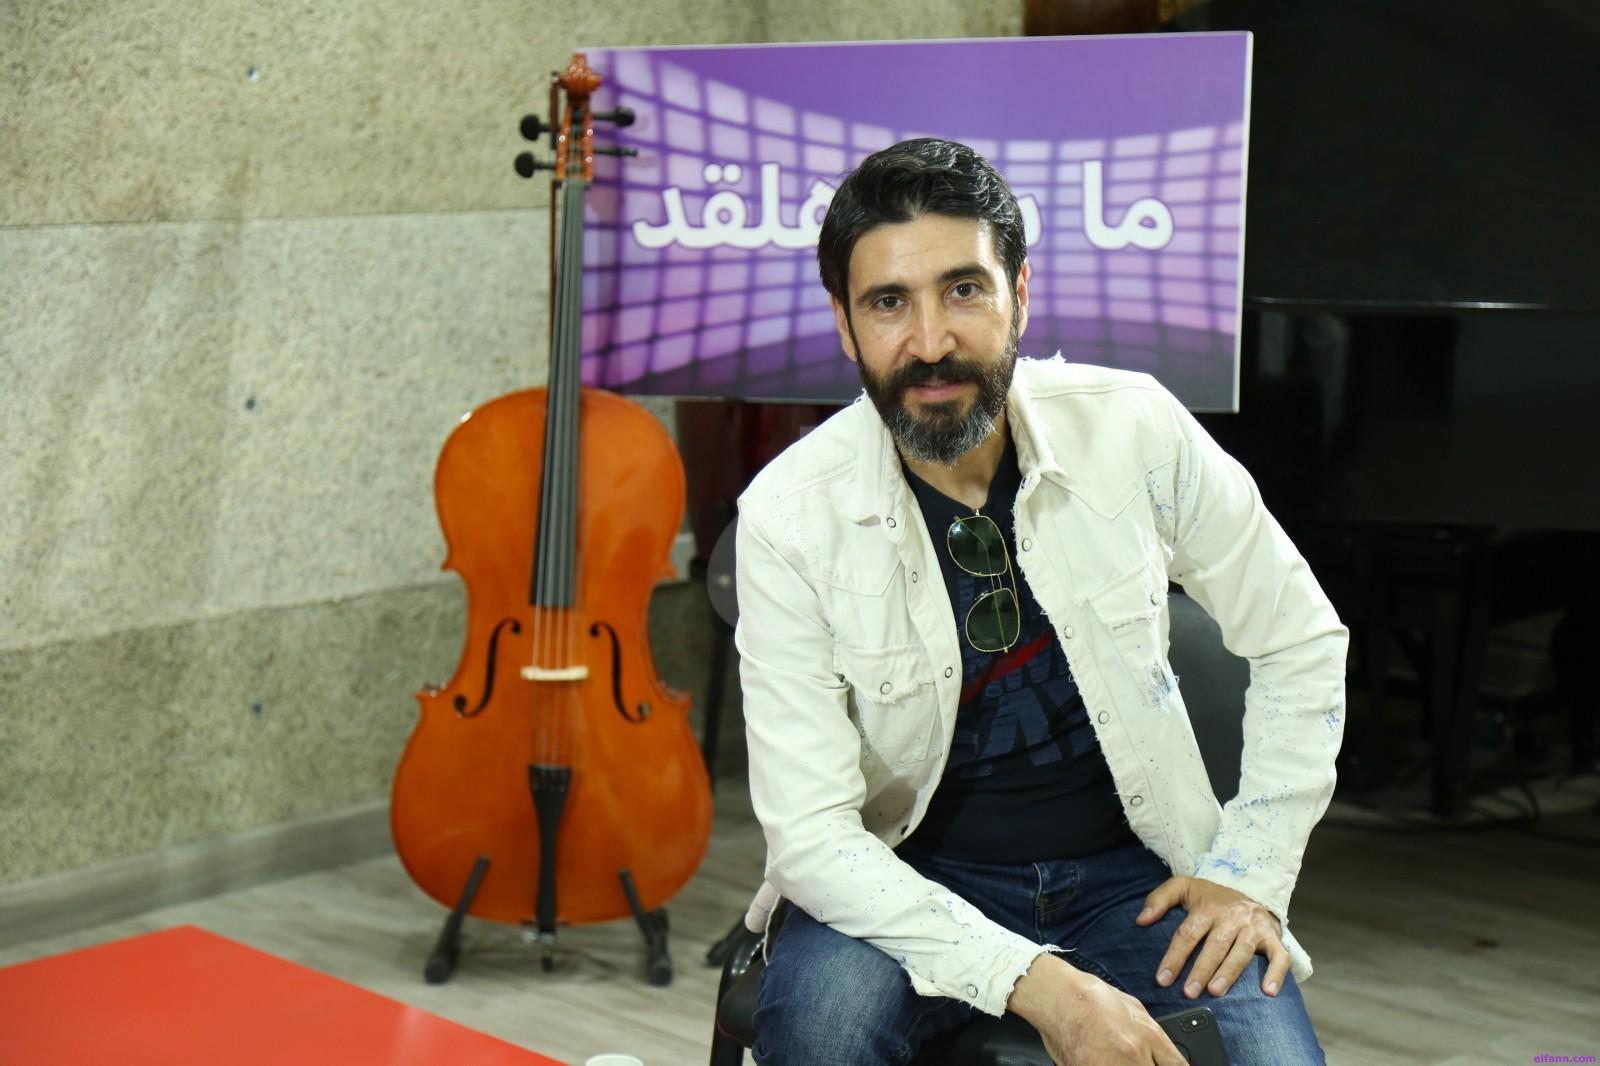 خاص وبالفيديو- هذه هي الممثلة التي يراها وسام صباغ تقف أمامه على الشاشة
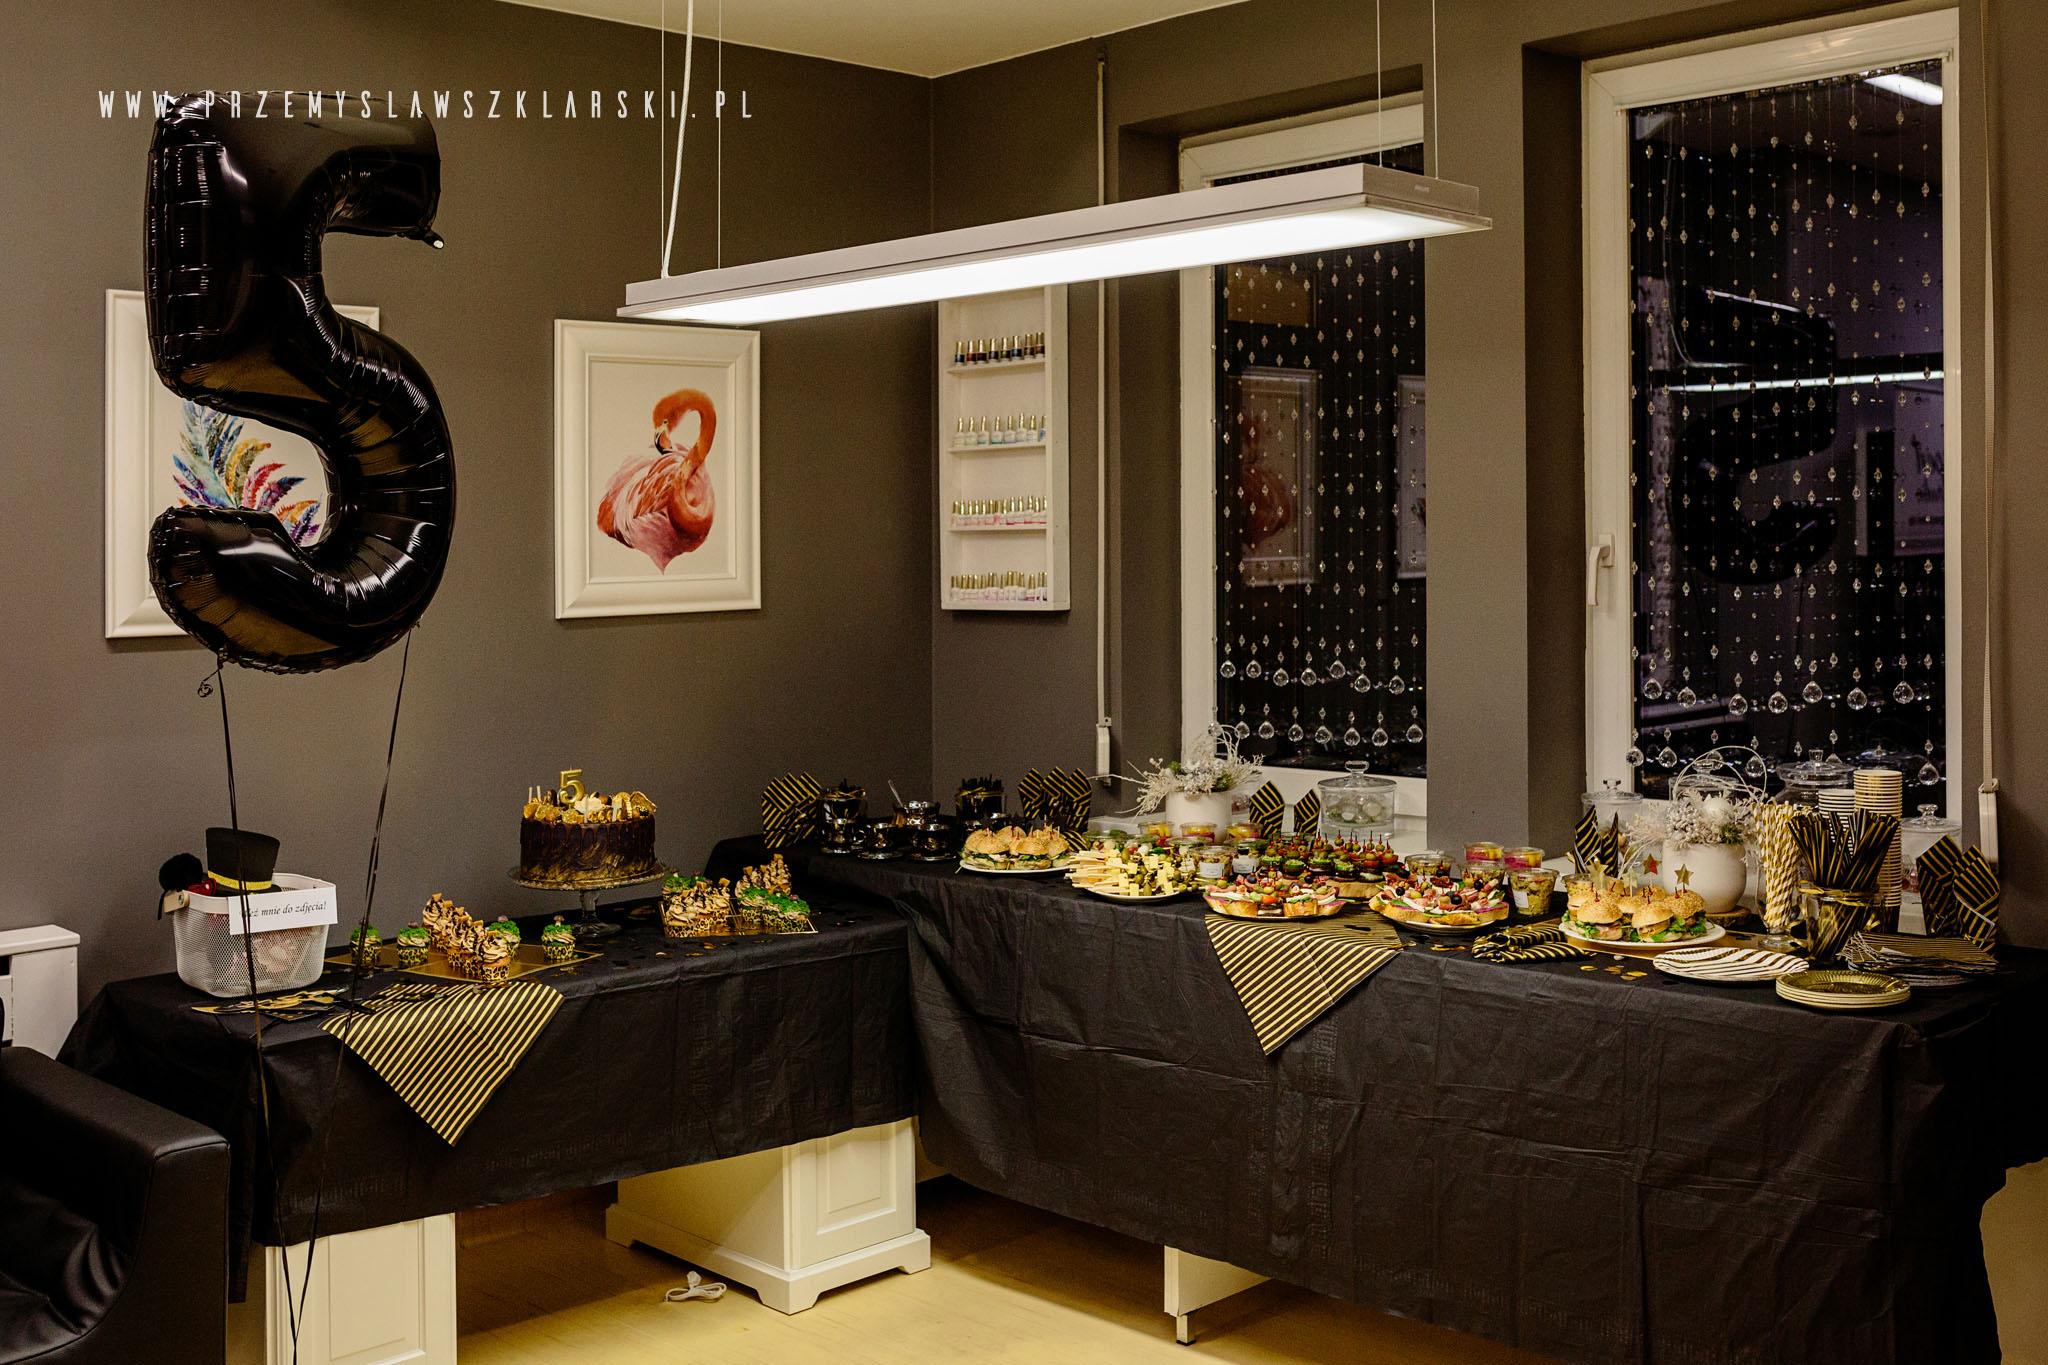 5 Urodziny Ekspert Studio 1002 Ekspert Studio Tarnowskie Góry | 5 urodziny | 2018
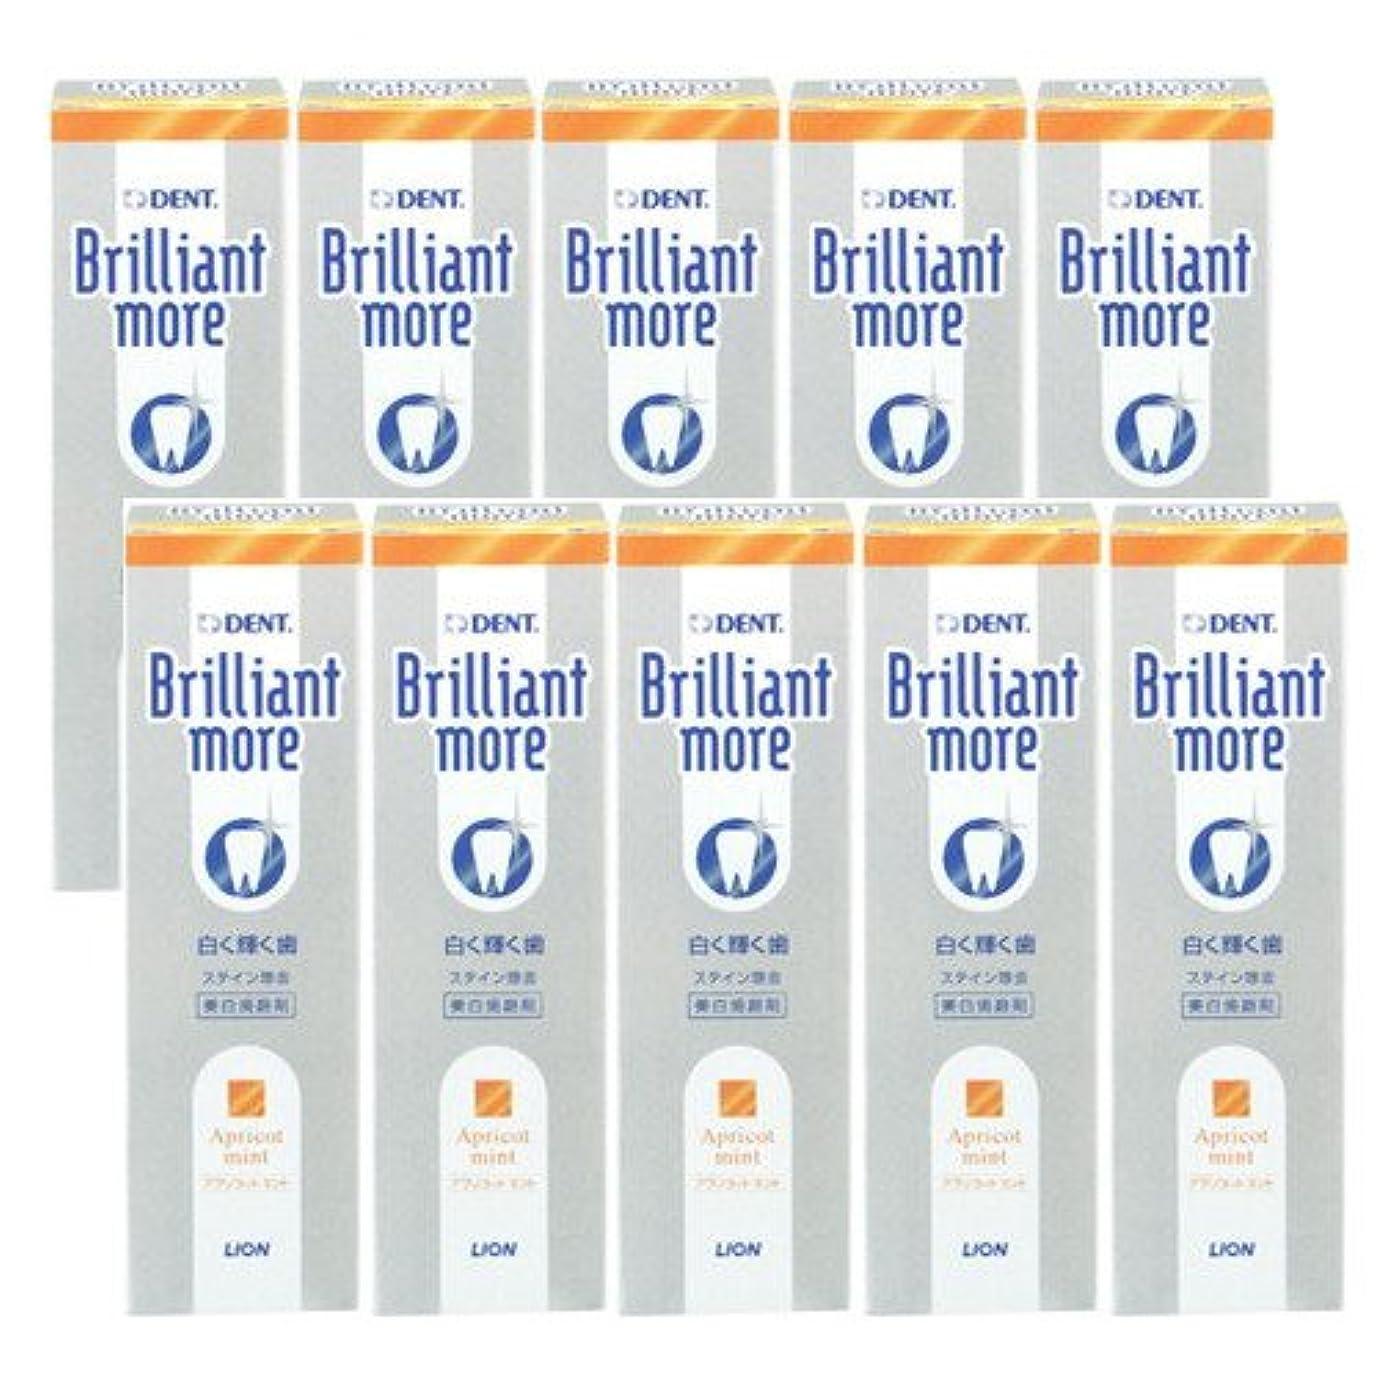 複合競争力のあるあるライオン ブリリアントモア アプリコットミント 美白歯磨剤 LION Brilliant more 10本セット
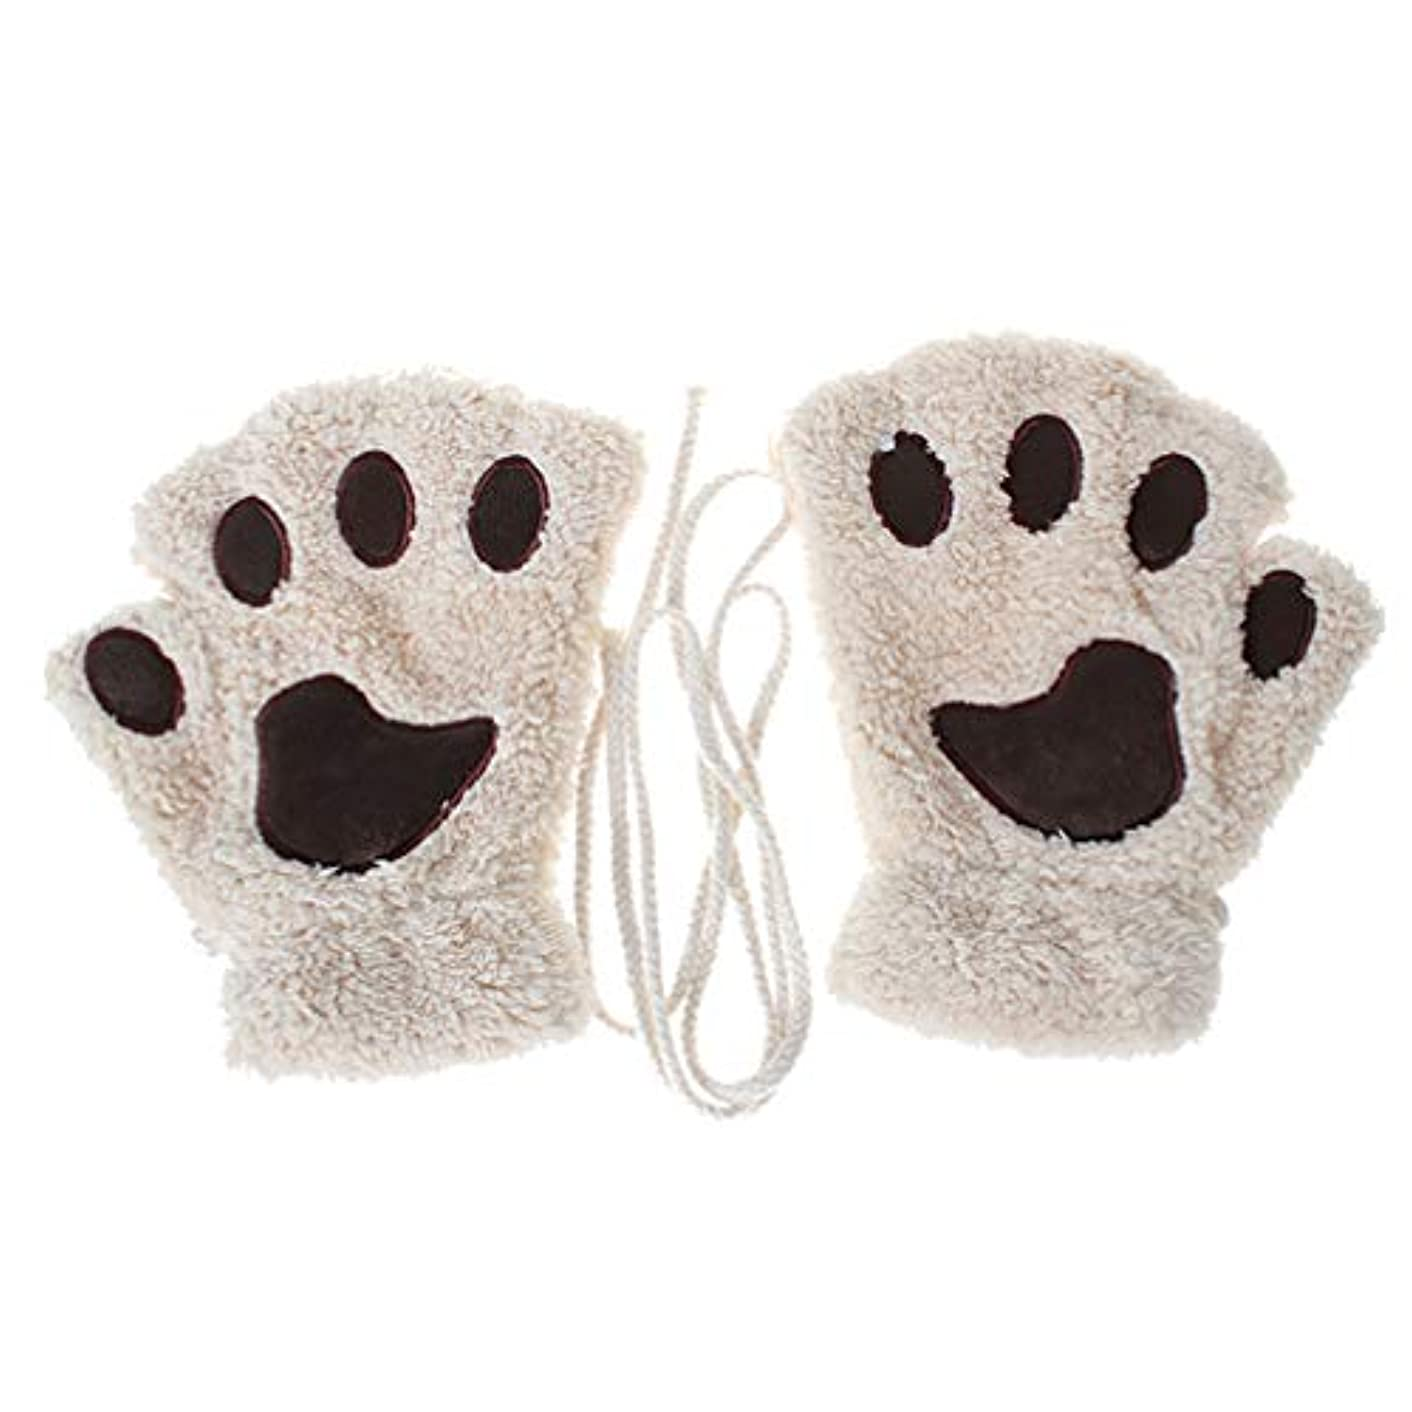 和気付く日帰り旅行にToporchid 冬の厚く暖かいハーフフィンガーグローブかわいい女性のぬいぐるみ子猫の爪手袋
+ + + + + + +
Exercise details -
Omit the pictures and output all of the other material exactly.

Exercise result -
 خاص وبالفيديو- هذه هي الممثلة التي يراها وسام صباغ تقف أمامه على الشاشة
 5 Urodziny Ekspert Studio 1002 Ekspert Studio Tarnowskie Góry | 5 urodziny | 2018
 複合競争力のあるあるライオン ブリリアントモア アプリコットミント 美白歯磨剤 LION Brilliant more 10本セット
 和気付く日帰り旅行にToporchid 冬の厚く暖かいハーフフィンガーグローブかわいい女性のぬいぐるみ子猫の爪手袋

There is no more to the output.